### What you have to do
Restate the whole of the data below word for word, skipping the images.

### Dataset excerpt
▶

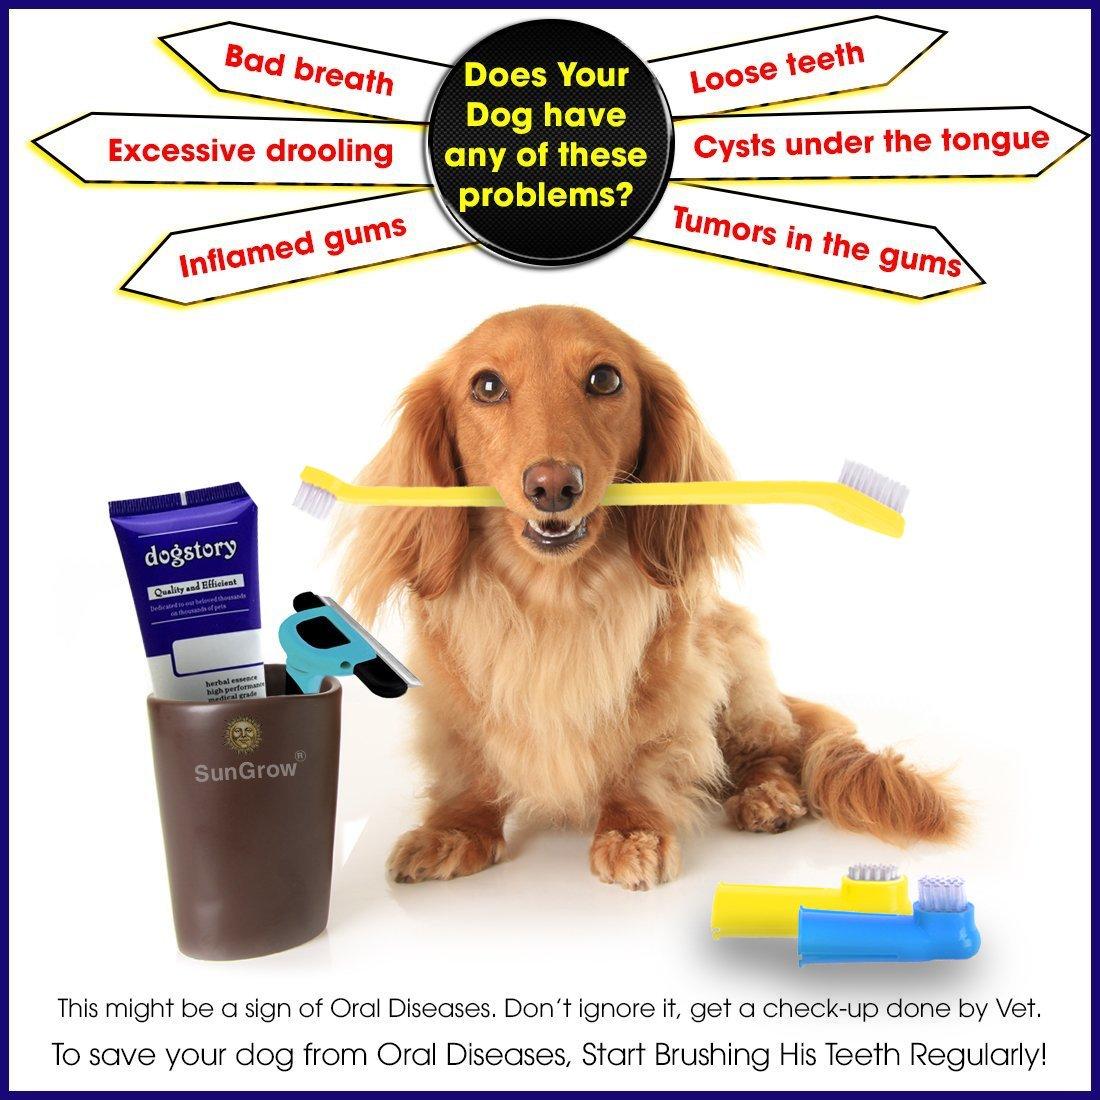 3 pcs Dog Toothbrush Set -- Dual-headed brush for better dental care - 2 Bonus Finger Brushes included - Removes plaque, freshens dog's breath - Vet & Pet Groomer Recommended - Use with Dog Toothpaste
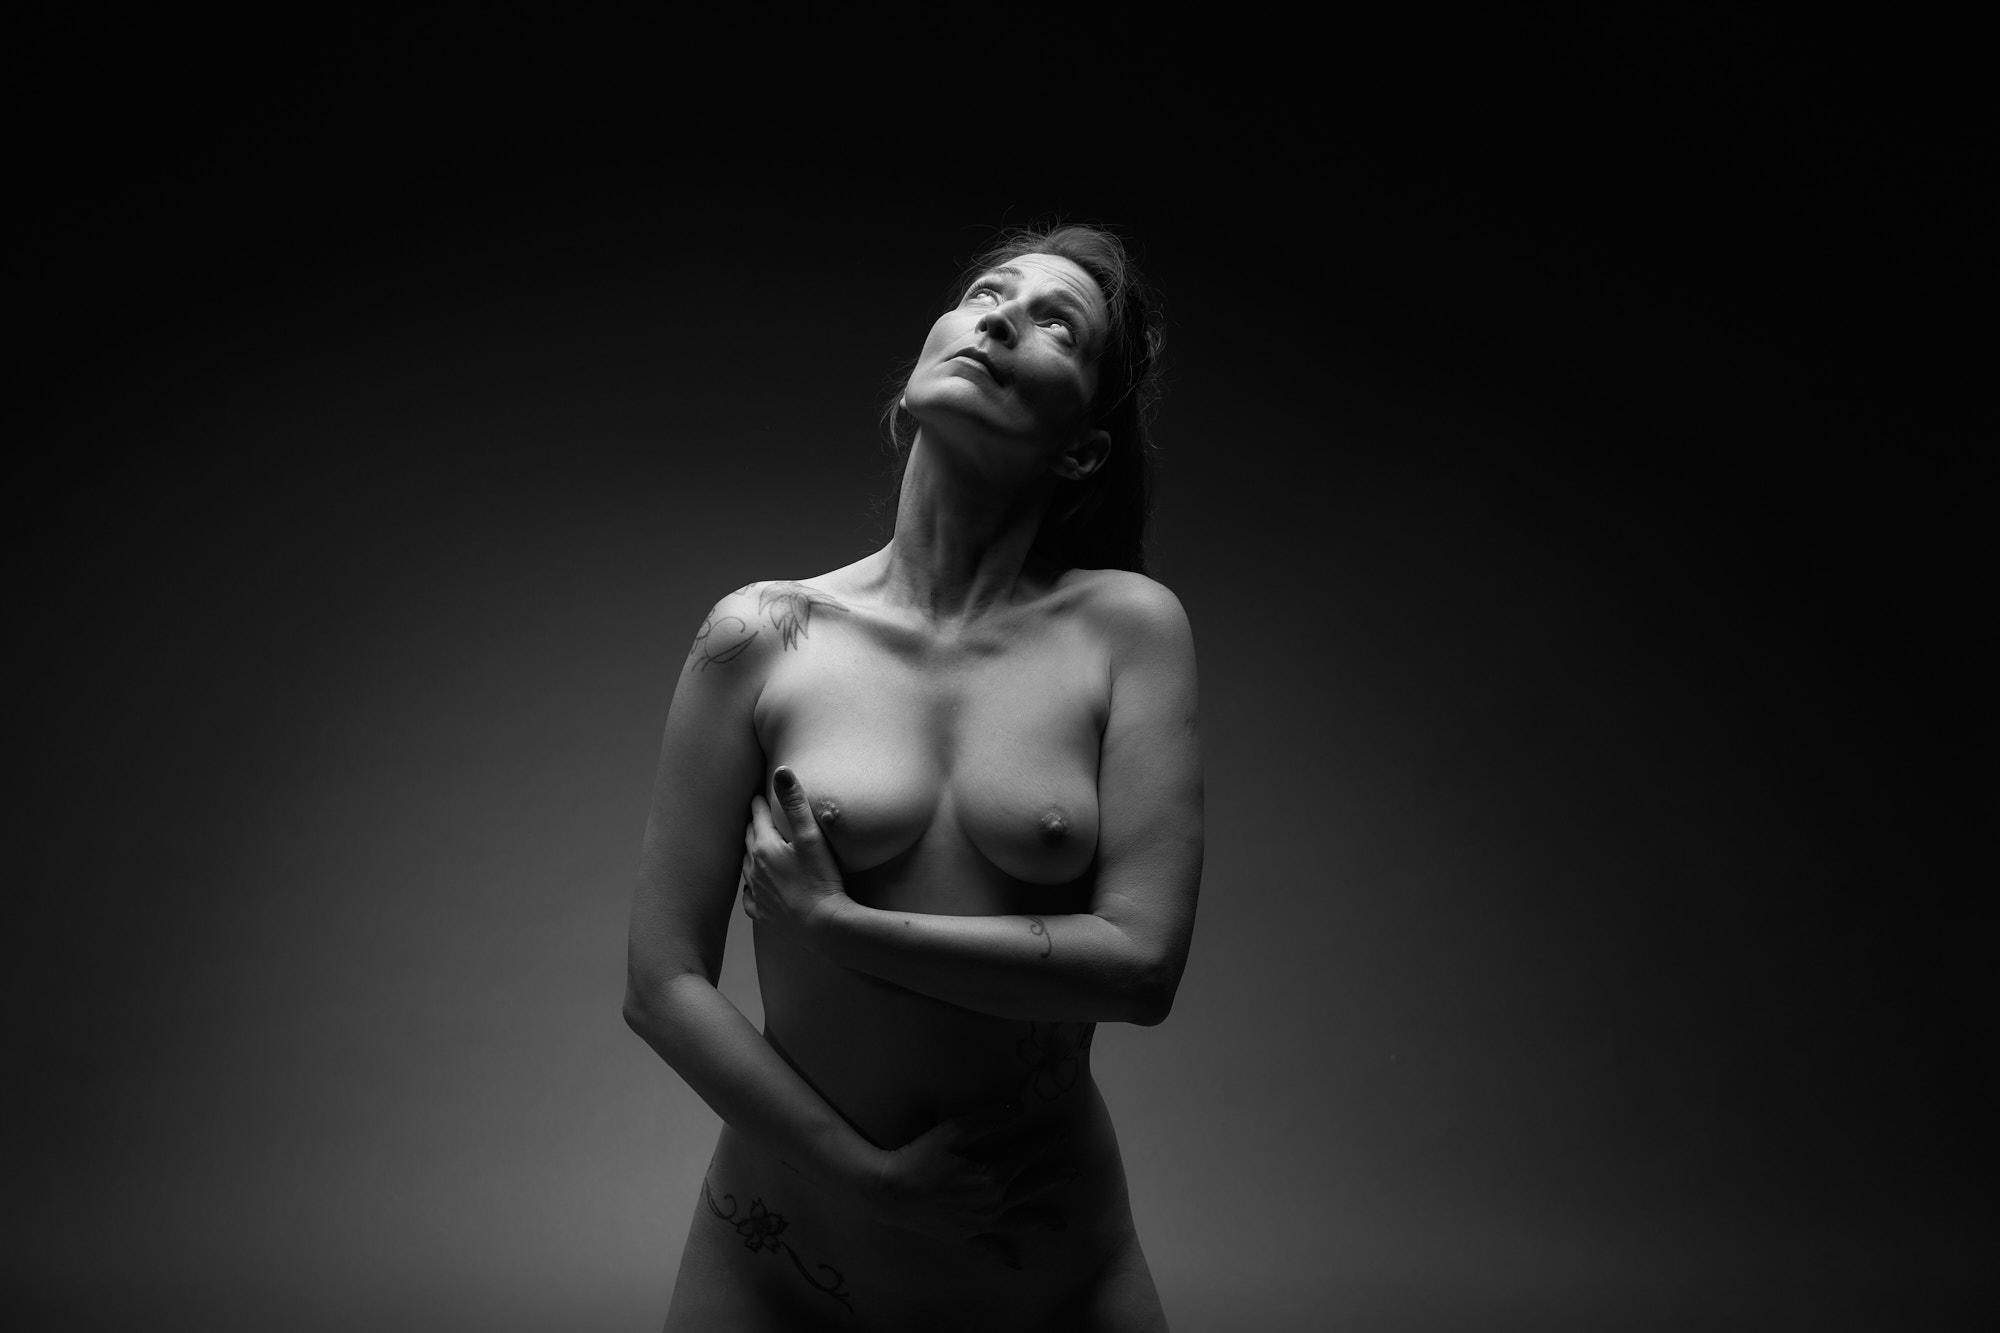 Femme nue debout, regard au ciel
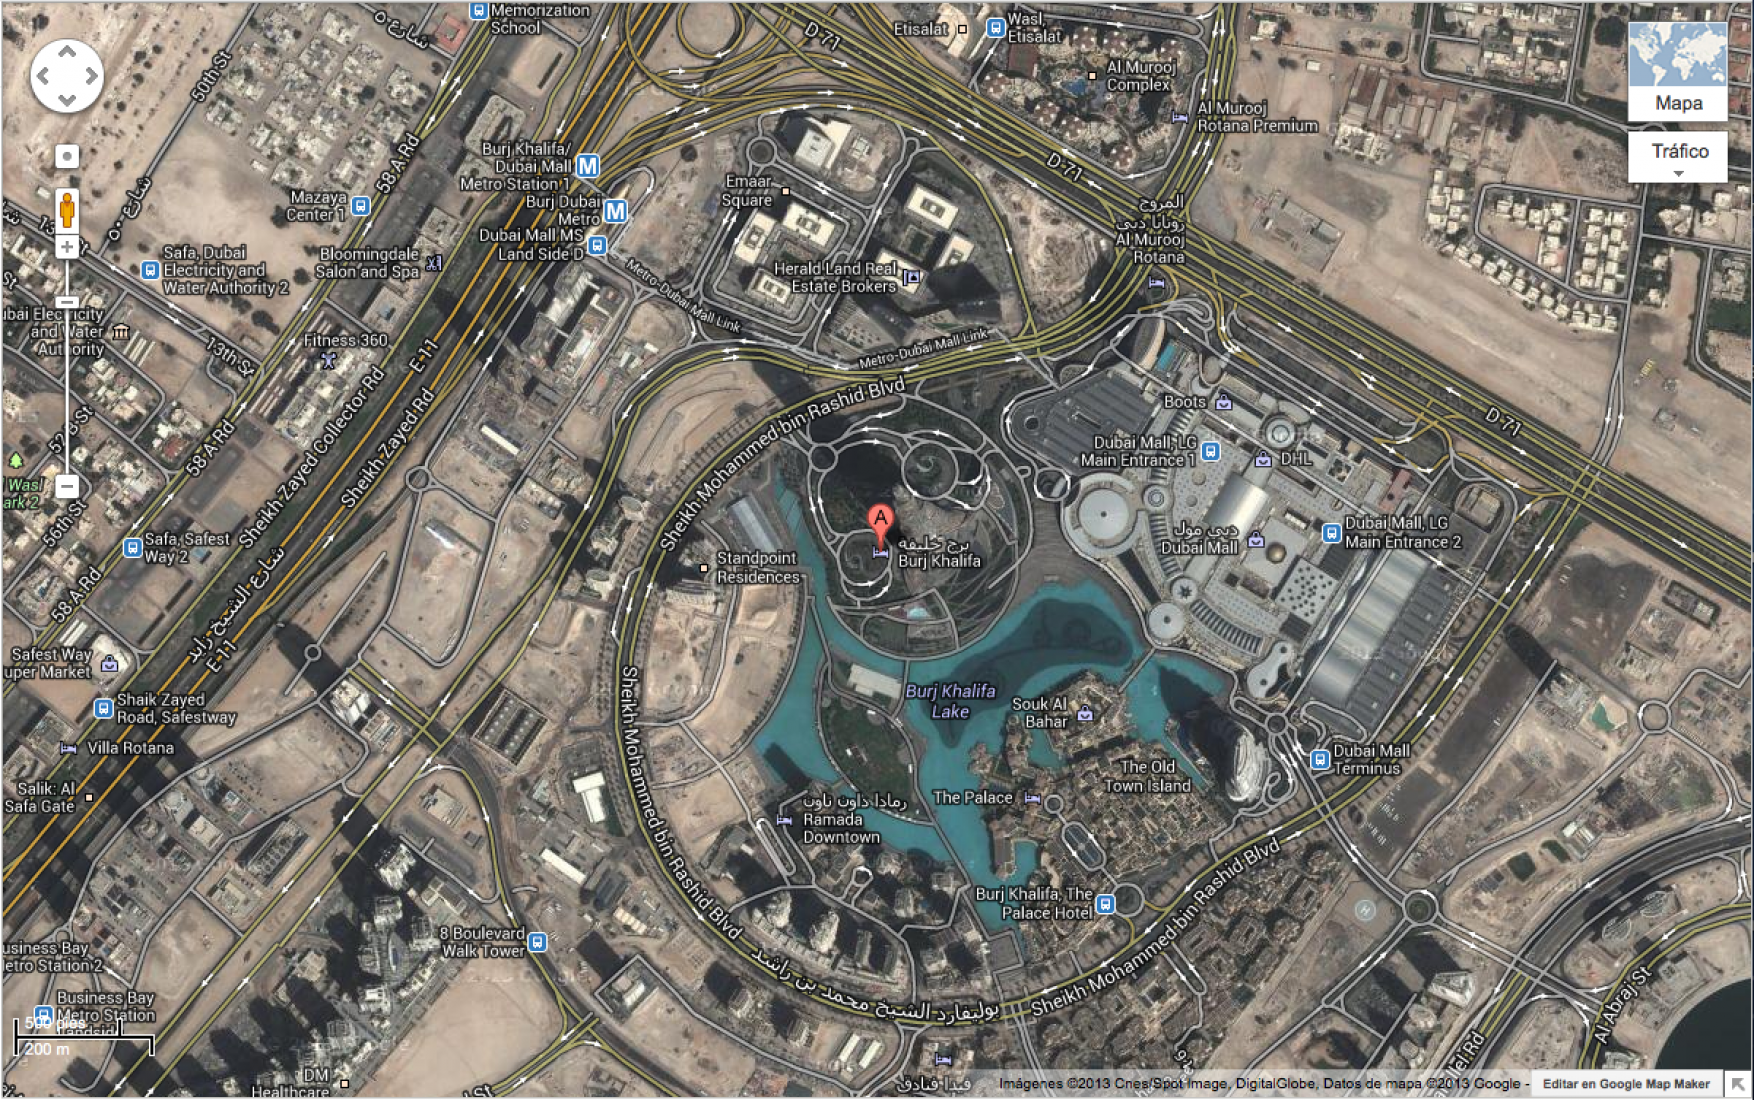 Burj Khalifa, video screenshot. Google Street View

◀

### Output for this task
 3 pcs Dog Toothbrush Set -- Dual-headed brush for better dental care - 2 Bonus Finger Brushes included - Removes plaque, freshens dog's breath - Vet & Pet Groomer Recommended - Use with Dog Toothpaste
 Femme nue debout, regard au ciel
 Burj Khalifa, video screenshot. Google Street View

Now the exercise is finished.